Lorsque le célèbre Durand, qui, au onzième siècle, illustra l’Ordre de saint Benoît, était encore simple religieux, il se montrait un modèle de régularité et de ferveur; mais il avait un défaut. La vivacité de son esprit le portait à trop parler: il aimait à l’excès le mot pour rire, souvent aux dépens de la charité. Hugues, son abbé, lui fit des représentations à cet égard, lui prédisant même, que, s’il ne se corrigeait pas, il aurait certainement à souffrir dans le purgatoire de ces jovialités déplacées.

Durand n’attacha pas assez d’importance à ces avis, et continua à s’abandonner sans beaucoup de retenue au dérèglement de sa langue. Après sa mort, la prédiction de l’abbé Hugues se réalisa. Durand apparut à un religieux de ses amis, le suppliant de l’aider de ses prières, parce qu’il était cruellement puni de l’intempérance de son langage. A la suite de cette apparition, la communauté se réunit, on convint de garder, pendant huit jours, un rigoureux silence, et de pratiquer d’autres bonnes œuvres, pour soulager le défunt. Ces charitables prières produisirent leur effet: à quelque temps de là, Durand apparut de nouveau pour annoncer sa délivrance.

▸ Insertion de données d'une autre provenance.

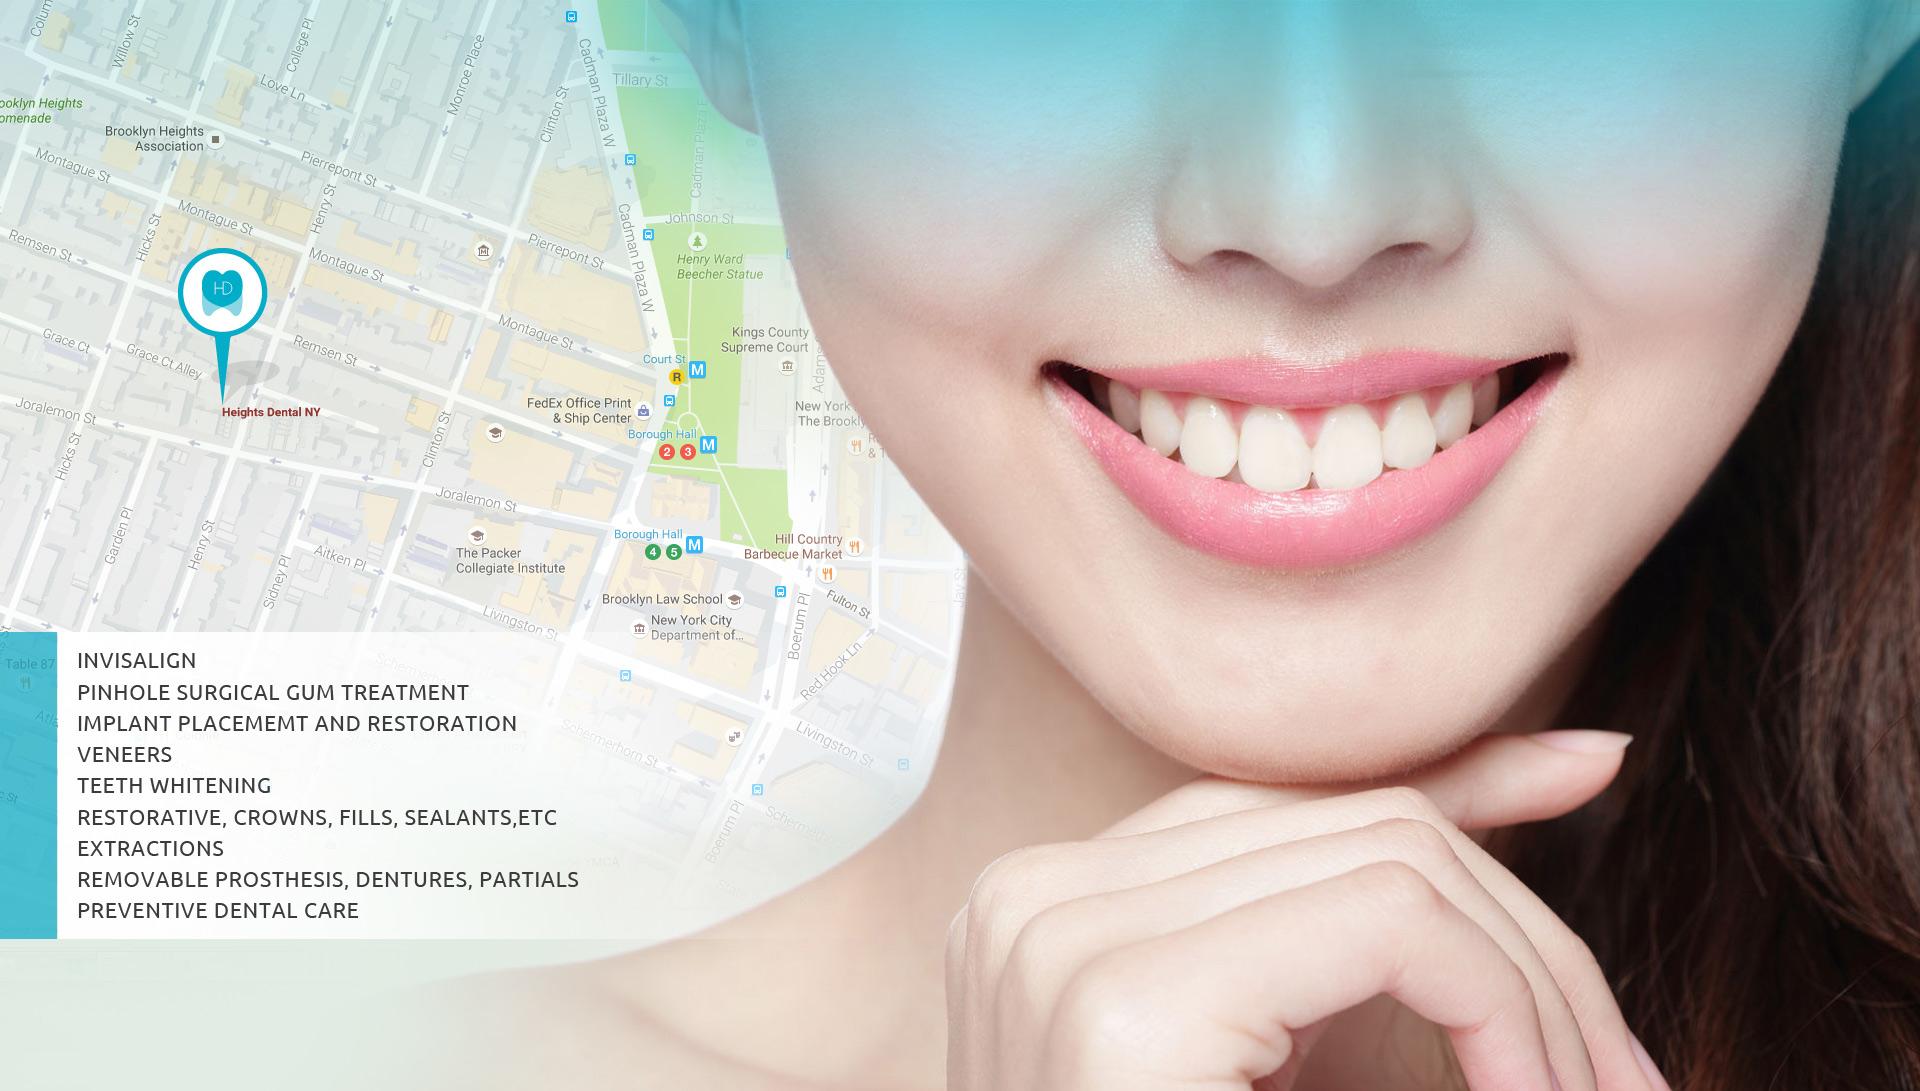 Heights Dental NY - Dr. Ewa Tracz, D.D.S. image 1
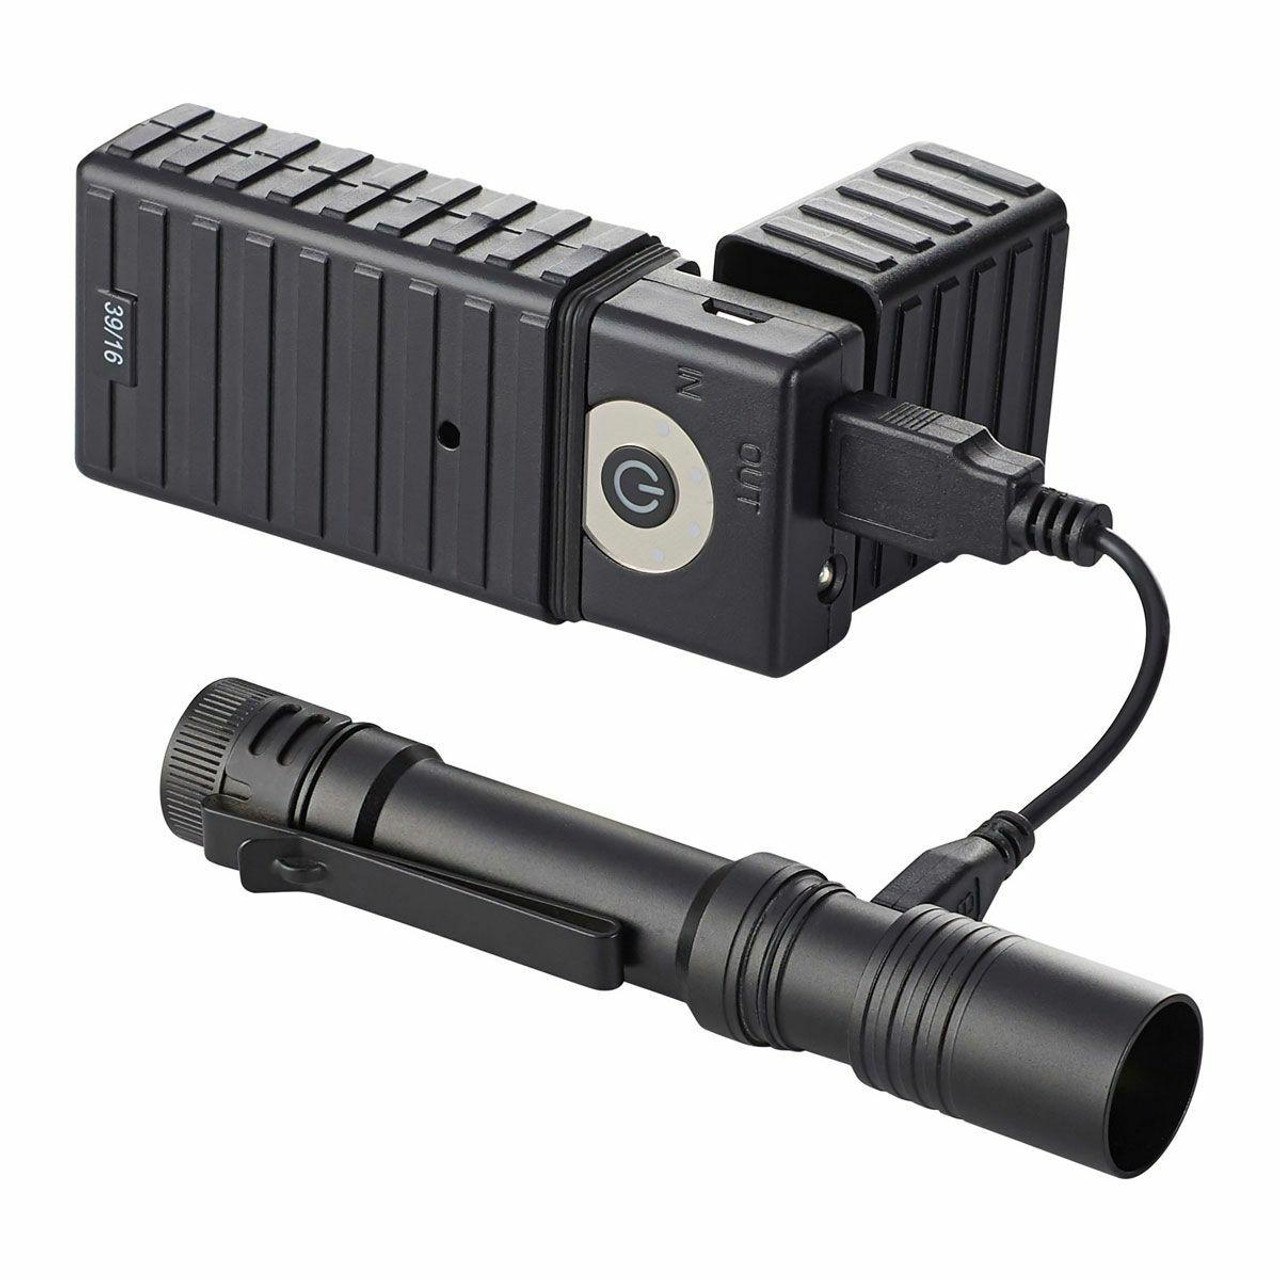 Streamlight Streamlight MacroStream USB Rechargeable Flashlight LED w/Lithium Ion Battery 080926663206

Le Dogme du Purgatoire – Première partie – Chapitres 31, 32, 33

Chapitre 31 – Matière des expiations

Le scandale donné

Ceux qui ont eu le malheur de donner mauvais exemple, et de perdre ou de blesser les âmes par le scandale, doivent prendre garde de tout réparer en ce monde, s’ils ne veulent avoir à subir une terrible expiation en l’autre. Ce n’est pas en vain que Jésus-Christ s’est écrié: Malheur au monde à cause de ses scandales ! Malheur à celui par qui le scandale arrive ! (Matth. XVIII, 7.)

Peinture indécente

Voici ce que rapporte le P. Rossignoli dans ses Merveilles du purgatoire (Merv. 24. p.120 fin p.121). Un peintre de grand talent, d’une vie exemplaire d’ailleurs, avait fait autrefois un tableau peu conforme aux lois sévères de la modestie chrétienne. C’était une de ces malheureuses peintures, que sous prétexte d’art, on trouve quelquefois dans les meilleures familles et dont la vue cause la perte de tant d’âmes. L’art véritable est une inspiration du ciel, qui élève l’âme vers Dieu; le génie réaliste qui ne s’adresse qu’aux sens, qui ne présente aux yeux que des beautés de chair et de sang, n’est qu’une inspiration de l’esprit immonde: ses œuvres, brillantes peut-être, ne sont pas des œuvres d’art, c’est faussement qu’on les décore de ce nom; ce sont des productions infâmes d’une imagination dévergondée. – Le peintre dont nous parlons, avait cédé sur ce point à l’entraînement du mauvais exemple. Bientôt cependant, renonçant à ce mauvais genre, il s’était astreint à ne faire plus que des tableaux religieux ou du moins parfaitement irréprochables.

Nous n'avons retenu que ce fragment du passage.